One of the hackathon challenges was the combination of a spatial decomposition problem (from a national to district level estimates of TB) combined with a temporal forecast (projecting from 2010–2011 to 2018). While this was necessary to provide relevant information to NTP decision makers, it also added two layers of complexity for the modellers, each with their own theoretical and practical challenges. Spatial decomposition of survey data has known challenges, further compounded by the fact that TB is a rare and unevenly scattered attribute [1]. As a result, all models’ predictive power suffered from the following limitations: (1) data sparsity as a result of a limited number of clusters to base district-prevalence estimates (the 2010–2011 prevalence survey collected data from 95 [21] out of over 530 tehsils in the whole country [23]); (2) a small number of detected prevalent cases with over-dispersion in the distribution of clusters by case count (the mean number of bacteriologically positive cases was 3.3 per cluster with a standard deviation of 2.7 and 13/95 clusters with zero positive cases); and (3) extrapolation to areas where covariate data values fall outside the range observed in surveyed districts (the 95 survey clusters are in 68 unique districts whereas predictions were made for up to 136 districts). Moreover, both spatial and temporal forecasting rely on the strong assumption that the relationships observed in measured clusters and years (in our case 2010–2011) between TB estimates and covariates remain unchanged in non-measured clusters and future years (2018). However, there may be many violations to this assumption (migration patterns, consistency of quality of laboratory over time, lower TB bacteriology rate due to longer transport times, delays in transport, delays in testing, etc.).
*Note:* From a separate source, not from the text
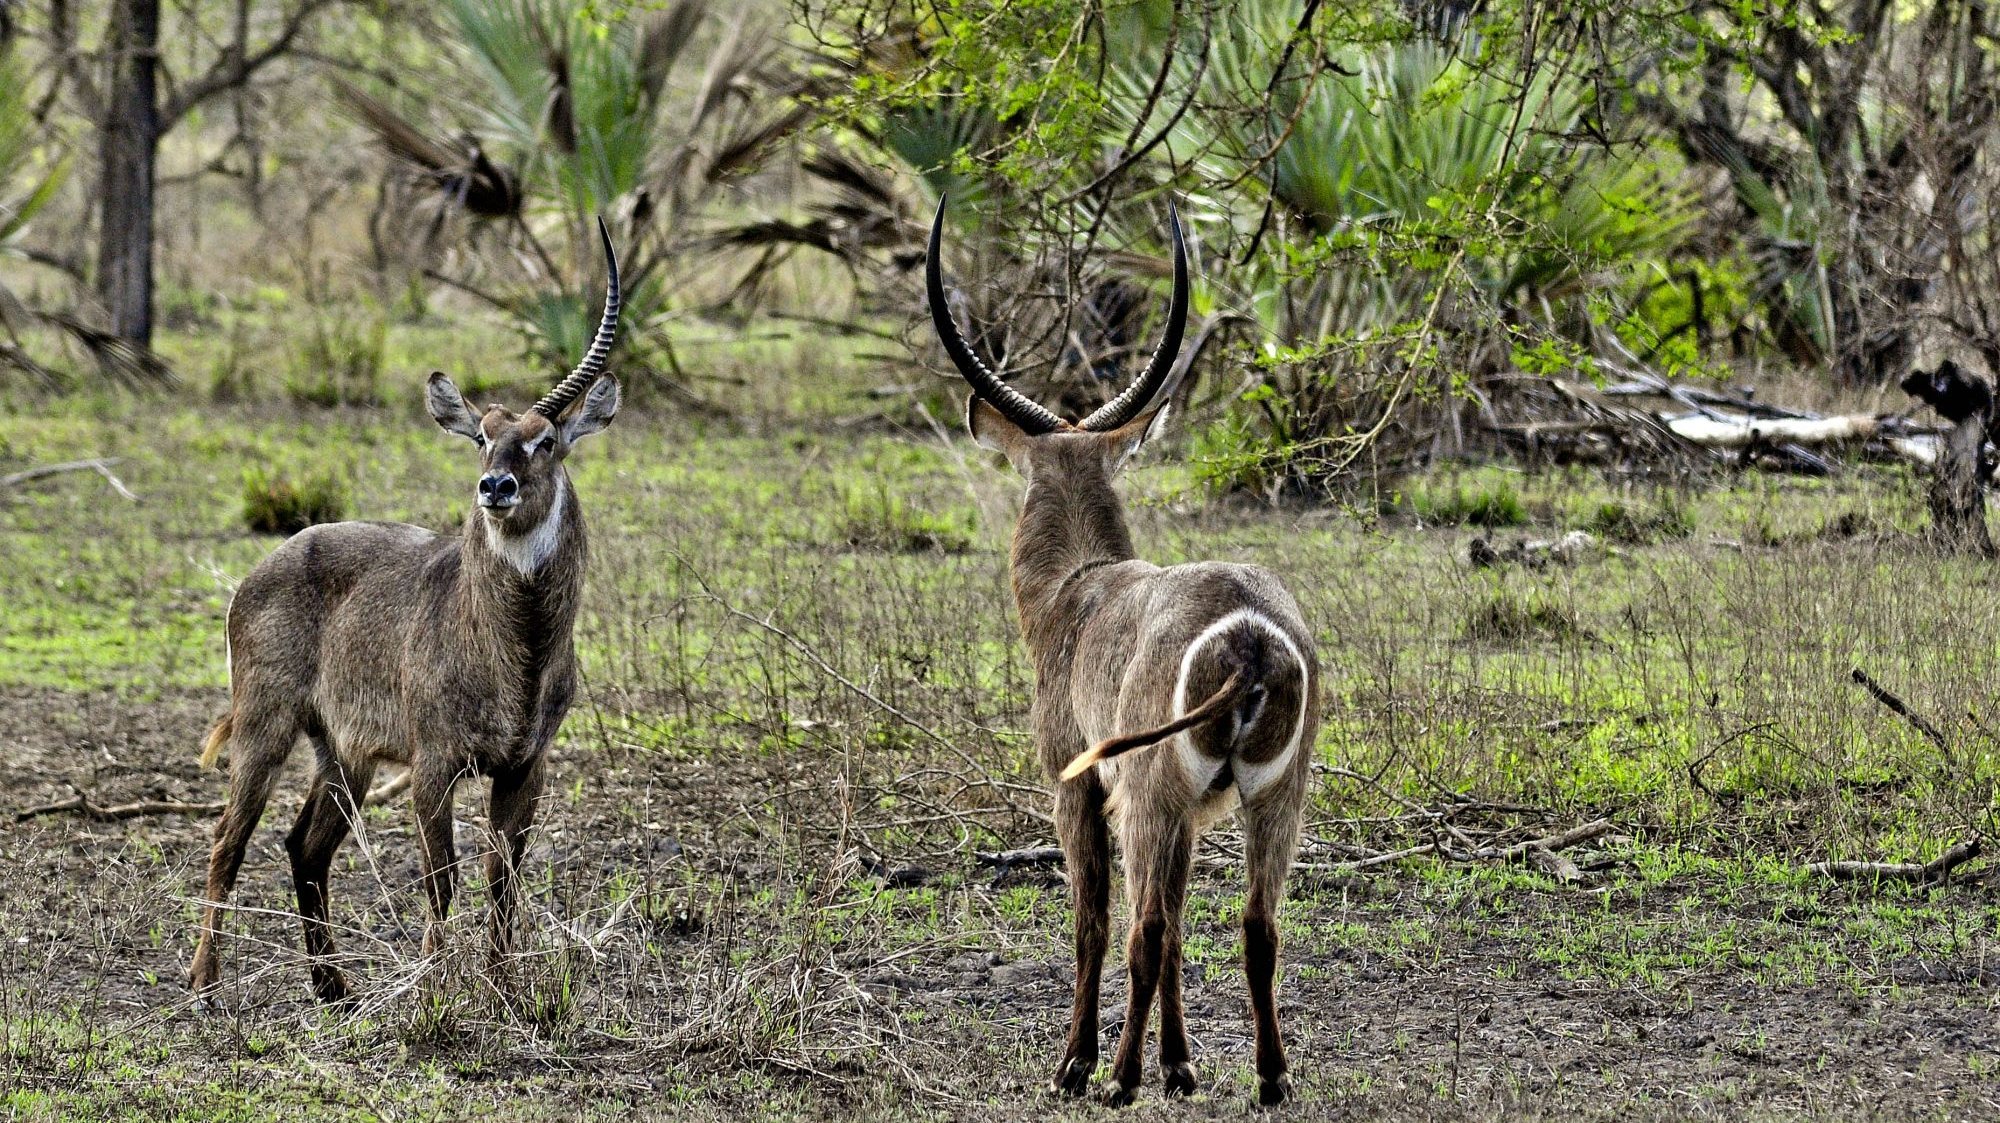 Criada em 1960, a Reserva Especial do Niassa, no norte de Moçambique, é a maior área protegida do país, com uma extensão de 42.400 quilómetros quadrados

The hackathon modellers also faced a number of more practical challenges. First of all, it is important to acknowledge that modellers were given a short turnaround and developed the models with limited human resources. Second, they faced a number of difficulties of working with the prevalence survey raw data, with limited information on data management steps (including imputation) needed beyond what was described in the survey report and scientific publication [20,21]. However, TB survey data are recognized as difficult to analyse, as there always are missing data and patterns of missingness are often associated with the outcome of interest (prevalence). WHO provides ample guidance on strategies to deal with these issues [29], but the specific choices of the Pakistan TB prevalence survey analysts were not available to the hackathon modellers. This underscores the importance of implementing TB prevalence surveys with transparent and reproducible procedures for data management and data analyses as recommended by most good epidemiological practice guidelines, including recently developed guidelines specifically for global health [30]. All underlying programming code and data for the hackathon models are available on an open access Zenodo repository (see Data Availability Statement). We invite interested modellers to access the code and data to improve on our estimates—either with methodological advancements or by including new high-quality predictors of TB prevalence.

5. Conclusions

The TB hackathon provided a unique opportunity to compare different TB subnational prediction models, including novel modelling techniques which had never been applied in this domain before. The technical difficulty of the hackathon assignment highlighted the known challenges of satisfying stakeholder information needs (most recent district-wise estimates) while attempting to fit complex statistical methodologies (subnational decomposition and temporal forecast). The large heterogeneity between the various outputs serves as an important note of caution for the future production and use of granular predictive models of TB based on cross-sectional cluster-based prevalence survey data. Nevertheless, by soliciting and contrasting different methodologies for this challenging problem, the hackathon was successful in providing examples of a range of applications for modellers interested in further developing or refining their approaches to subnational disease modelling. Moreover, the NTP’s use and plans for these outputs shows that, limitations notwithstanding, they are valued by decision makers and planners.